Такое обесценивание искусства идет, конечно, параллельно отказу от магических, оргиастических, экстатических и ритуалистических элементов религии в пользу аскетических и спиритуально-мистических форм и поддерживается рациональным и литературным характером духовной и светской образованности, что всегда является основным свойством книжной религии. Но прежде всего против эстетизма в пророческой религии действуют два фактора. В первую очередь — само собой разумеющийся отказ от оргиастических элементов и, самое главное, магии. Изначально магически обусловленный страх иудеев перед «изображением» и «сходством» пророчество интерпретирует в спиритуалистическом духе, исходя из понятия абсолютного надмирного Бога. Рано или поздно в пророческой вере проявляется неприемлемость всего рукотворного, обещающего лишь иллюзорное, с точки зрения пророка, спасение. Конфликт этот тем непримиримее, чем более надмирным и священным представляется возвещаемый Бог.

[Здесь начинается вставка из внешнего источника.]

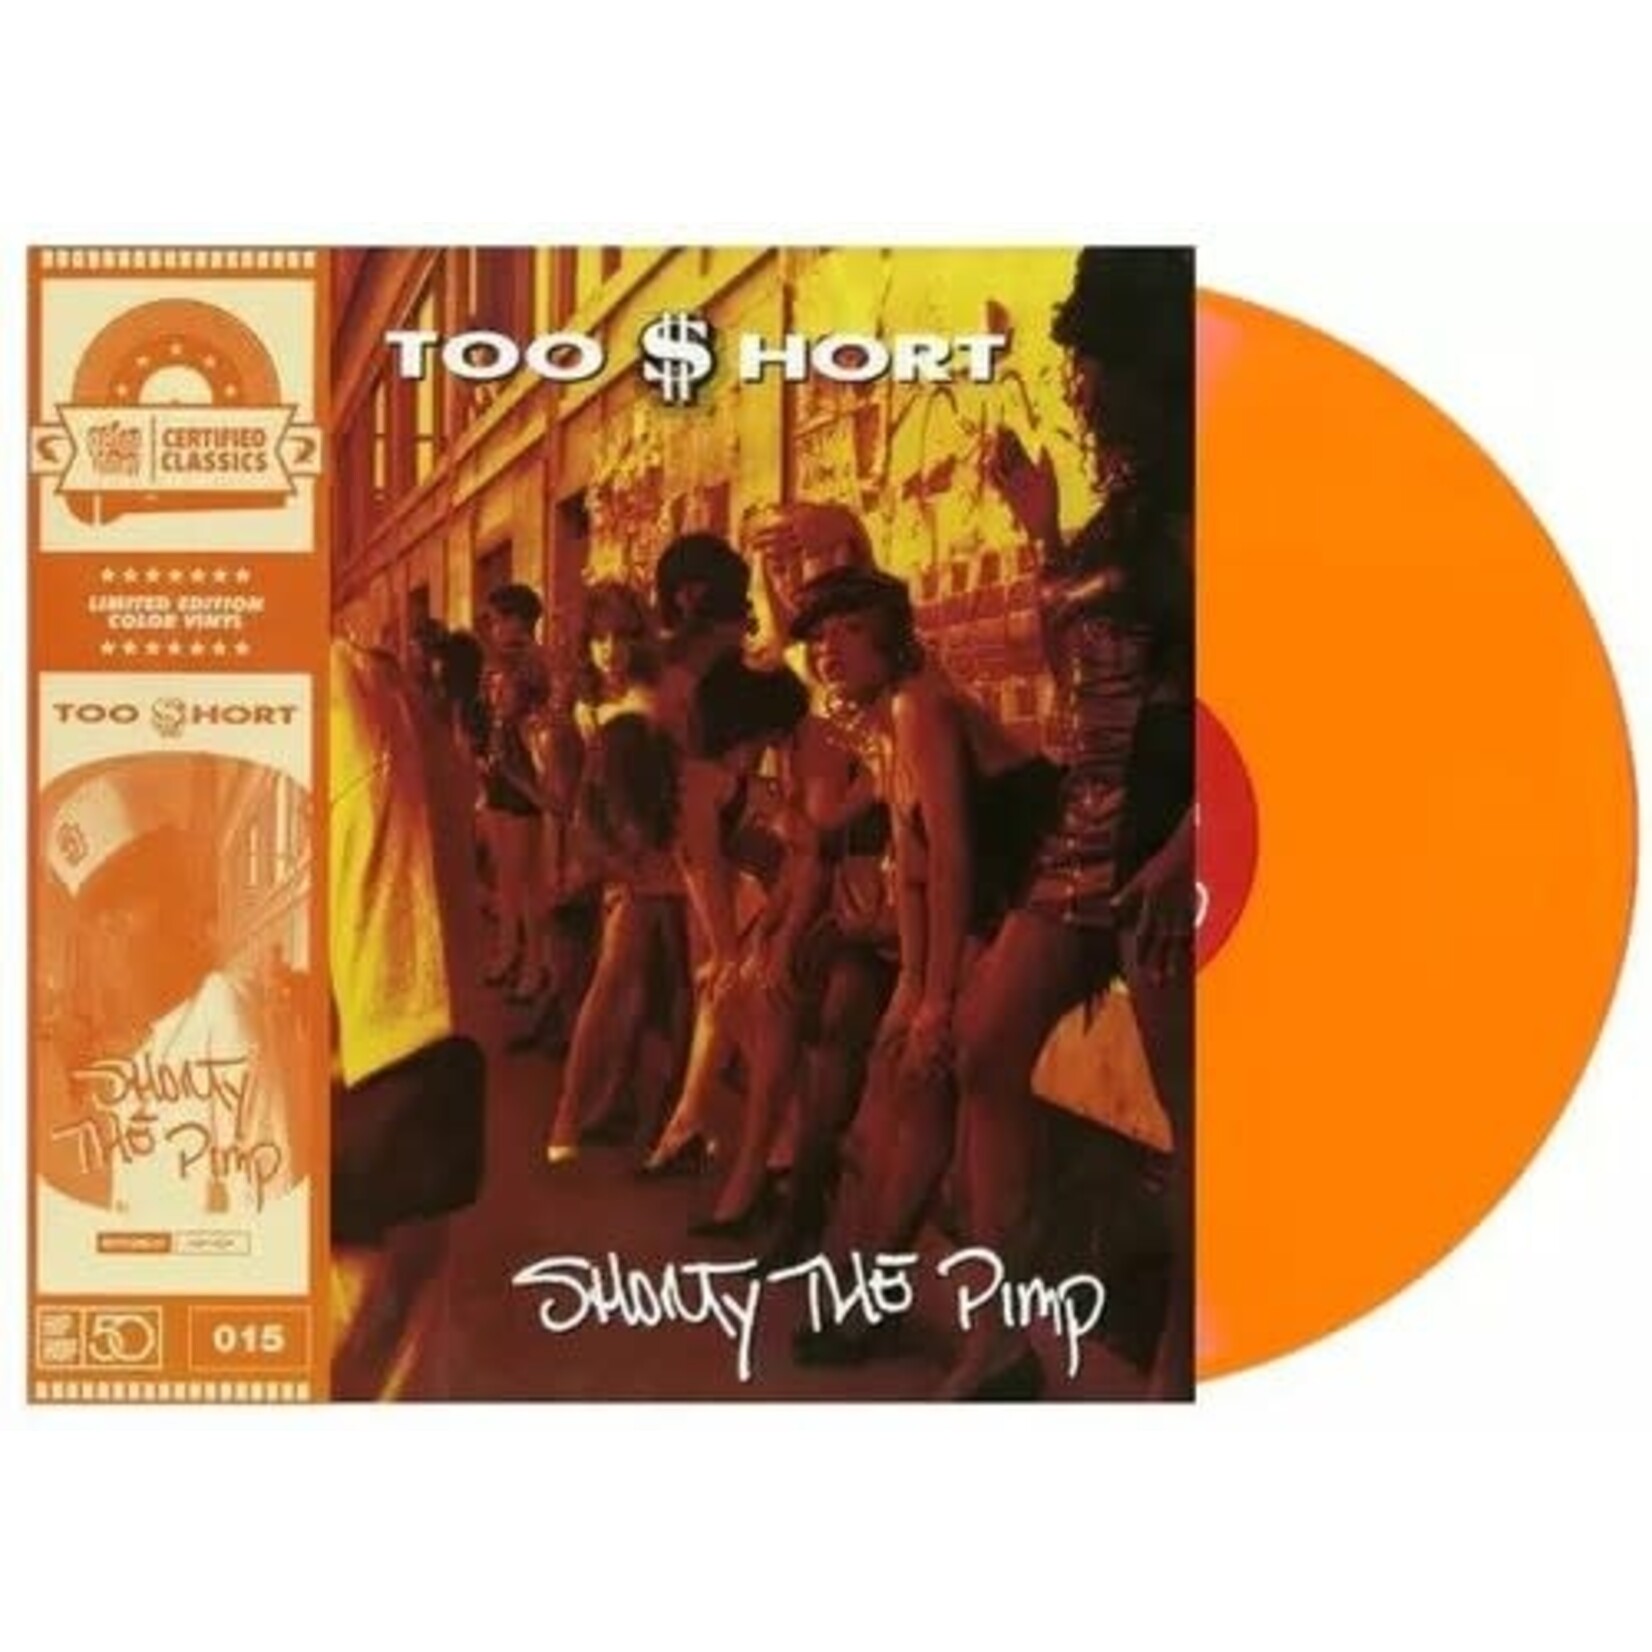 Too Short - Shorty The Pimp (Orange Vinyl) [LP]

В то же время религия не может отрицать божественной природы художественных творений, и именно массовая религия не обходится без художественных средств воздействия по причине их эффективности, уступая склонности масс к магии и идолопоклонству. Не говоря уже о том, что организованная массовая религия нередко связана с искусством чисто экономическими интересами. Примером может служить торговля иконами византийских монахов — противников цезаропапистской297
императорской власти, которая опиралась на войско иконоборцев, рекрутируемое из пограничных провинций, где тогда еще господствовал строго спиритуалистический ислам. Император, в свою очередь, Хотел, лишив монашество источника доходов, сломить его сопротивление и реализовать свои планы господства над церковью. Внутренне каждая оргиастическая или ритуалистическая религия, как и религия любви, основанная на мистическом разрушении индивидуальности, при всем различии их «последних смыслов» психологически предполагают искусство: первая (оргиастическая) — музыку и пение, другая (ритуалистическая) — изобразительное искусство, третья (религия любви) — лирику и музыку. Об этом свидетельствует вся религиозная история от индийской литературы и искусства и радостного мира суфизма до песен Святого Франциска и огромного воздействия религиозного символизма, причем именно мистически обусловленных настроений. Но отношение к искусству различно не только в разных формах эмпирической религиозности, но и внутри каждой из них в зависимости от ее структурных форм, слоев и носителей: у пророков — иное, чем у священников и мистагогов, у монахов — иное, чем у благочестивых мирян, в массовых религиях — иное, чем в сектах виртуозов, причем в аскетических сектах — совершенно иное и, в принципе, более враждебное, чем в мистических. Но это уже не относится к нашей теме. Полное внутреннее примирение религиозной и художественной позиций в последнем (субъективно подразумеваемом) смысле труднее всего там, где стадия магии и чистого ритуализме уже позади.Для нас важен смысл отказа от собственно художественных средств в определенных специфически рациональных религиях — в синагогальном служении и раннем христианстве, а затем в аскетическом протестантизме. Во всех этих случаях он — симптом или средство усиливающегося влияния религии на организацию жизни. То, что вторая заповедь298
стала главным основанием еврейского рационализма (как считают некоторые представители еврейских реформационных движений), — явное преувеличение. Но нельзя отрицать, что систематическое осуждение искреннего увлечения творчеством форм, эффект которых подтверждают объем и характер художественного производства в среде благочестивых евреев и протестантов, должно было оказать определенное влияние на формирование интеллектуальной и рациональной методики образа жизни.§ 12. Культурные религии и «мир»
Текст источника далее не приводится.